Although most cancers occur by chance, about 10% are hereditary, due to change in a gene that increases an individual’s risk of developing certain types of cancer, often at an earlier age than usual. Identifying people at risk of hereditary cancer is important because it informs cancer screening recommendations and can lead to options for reducing cancer risk.
In this webinar you will learn how a person’s family cancer history and personal medical history can be used to identify people at risk of hereditary cancer, why it is important to identify at-risk individuals, and how to navigate those at risk to cancer genetics services. Misconceptions about genetic counseling and testing will also be addressed. Additionally, they share information about private insurance, Medicare and Medicaid coverage of genetic counseling and testing, guideline-recommended downstream care for mutation carriers, and an overview of laws related to genetic privacy and protections. You will also learn about FORCE’s programs for healthcare professionals and for patients who carry a gene mutation.
Piri L Welcsh, PhD
Vice President of Education
Facing Hereditary Cancer EMPOWERED (FORCE)
Dr. Piri L. Welcsh was finishing her Ph.D. in Molecular Genetics at The Ohio State University when she read the groundbreaking research paper by Dr. Mary-Claire King describing the location of BRCA1. Guided by this pioneering research, she committed herself to the study of inherited cancer. Her postdoctoral project at the University of Texas Southwestern Medical Center was in collaboration with Mary-Claire’s groups and others to clone BRCA1. During this time, her maternal grandmother was diagnosed and died of breast cancer and her mother was also diagnosed and is currently a two-time breast cancer survivor.
Piri joined Mary-Claire King’s laboratory at the University of Washington in 1996 and spent the next 20 years working with her and others identifying other hereditary cancer genes, as well as studying how they normally function in cells. A few years ago, shortly after her mother was diagnosed with a second primary breast cancer, both of her mother’s sisters as well as her mother’s cousin were also diagnosed with breast cancer. Piri is a previvor of sorts in that she is part of a high-risk breast cancer “mystery family”, a family with a lot of breast cancer, but no known mutation in any known breast cancer gene.
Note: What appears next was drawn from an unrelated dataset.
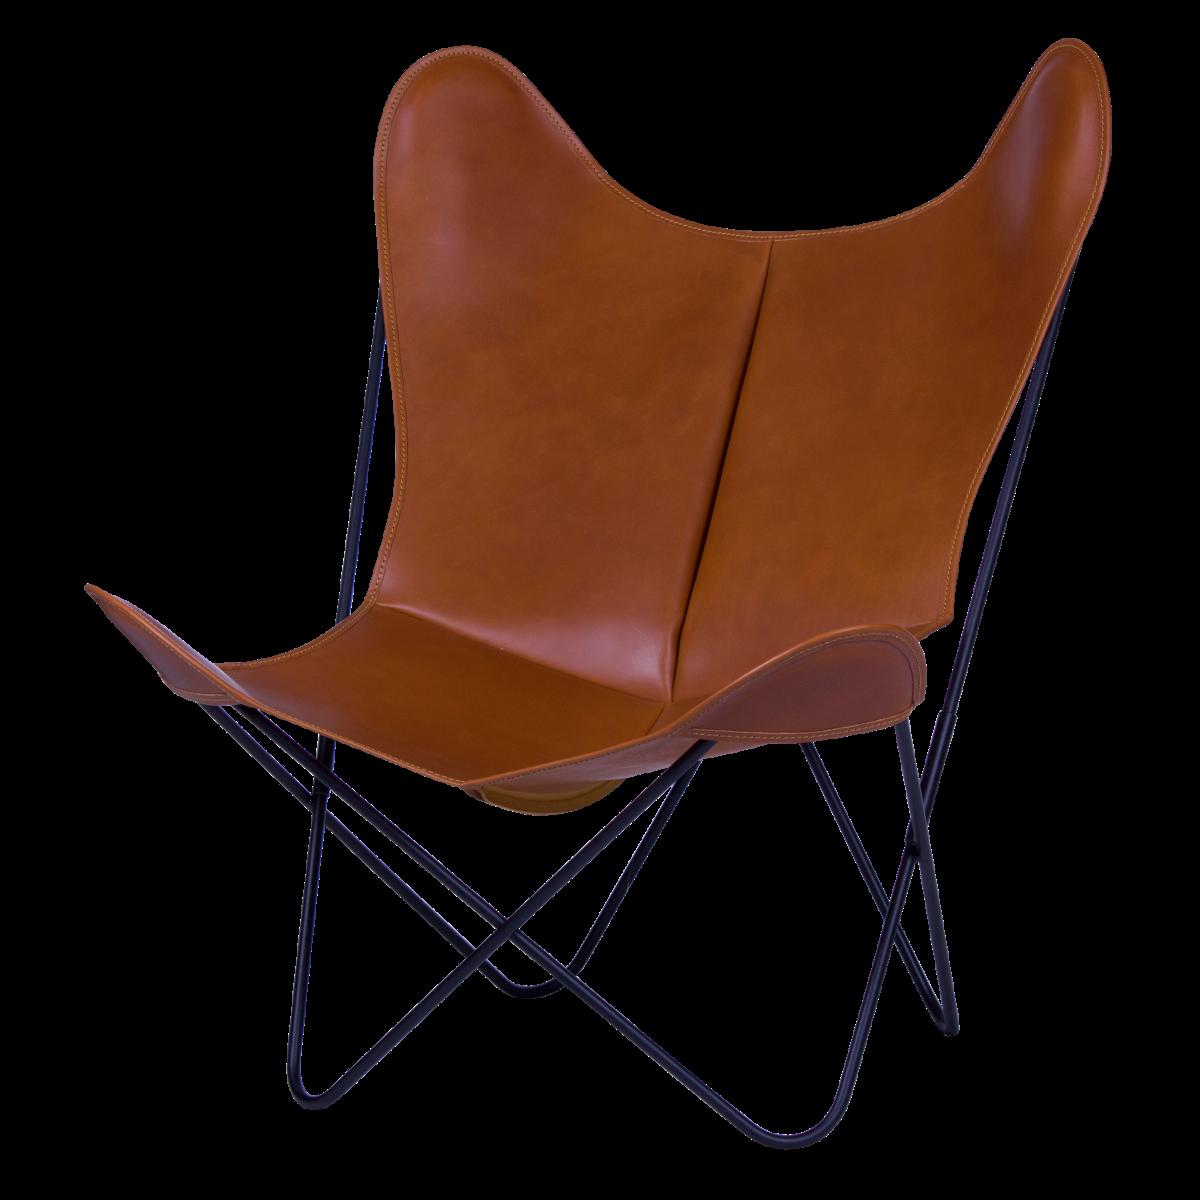 0d03992c41d0091b7d320cb19404e209 Résultat Supérieur 1 Merveilleux Petit Fauteuil Cuir Noir Und Chaise Design Pour Deco Chambre Photos 2017 Lok9

Piri lives in Seattle, WA with her boy/girl twins and another son. Her family absolutely loves living and playing in the Pacific Northwest.
Lisa A. Schlager
Vice President, Public Policy
Facing Hereditary Cancer EMPOWERED (FORCE)
Lisa Schlager is a recognized consumer advocacy leader for people affected by hereditary cancer. As Vice President of Public Policy for FORCE, she spearheads the organization’s legislative and regulatory policy efforts, advocating for the unique needs of the high-risk cancer community.
Well-versed in healthcare and genetic privacy laws—e.g. Genetic Information Nondiscrimination Act (GINA), Women’s Health and Cancer Rights Act (WHCRA), Affordable Care Act—Schlager is the point person on national guidelines and advocacy issues impacting the hereditary cancer community. She possesses expert knowledge on policies affecting individuals at increased risk of cancer, insurance coverage of genetic, screening and preventive services, and targeted treatments for those diagnosed with hereditary cancers.
Ms. Schlager holds leadership positions with a number of cancer and healthcare initiatives in the government, nonprofit, and private sectors. She represents FORCE and the hereditary cancer community as an expert speaker at conferences, events, and in the media.
Angela Trepanier, MS, LCGC
Licensed Genetic Counselor
Director, Genetic Counseling Graduate Program
Professor (Clinician Educator)
Center for Molecular Medicine and Genetics
Wayne State University
Angela Trepanier, MS, LCGC. Angela Trepanier is a licensed genetic counselor, professor (clinician educator) in molecular medicine and genetics and director of the genetic counseling graduate program at Wayne State University in Detroit Michigan. For over a decade she has worked with the Michigan Department of Health and Human Services on a cooperative agreement with the Centers for Disease and Prevention to improve appropriate access to cancer genetic counseling and testing. Her focus is educating healthcare providers, community members, and trainees about how to identify families at risk of hereditary cancer, why it is important, and steps to take to initiate genetic counseling and possible testing for cancer risk. Angela is on the advisory board of the organization, Facing our Risk of Cancer Empowered, an organization which support people at risk of hereditary cancer. She is currently president-elect of the American Board of Genetic Counseling and past president of the National Society of Genetic Counselors.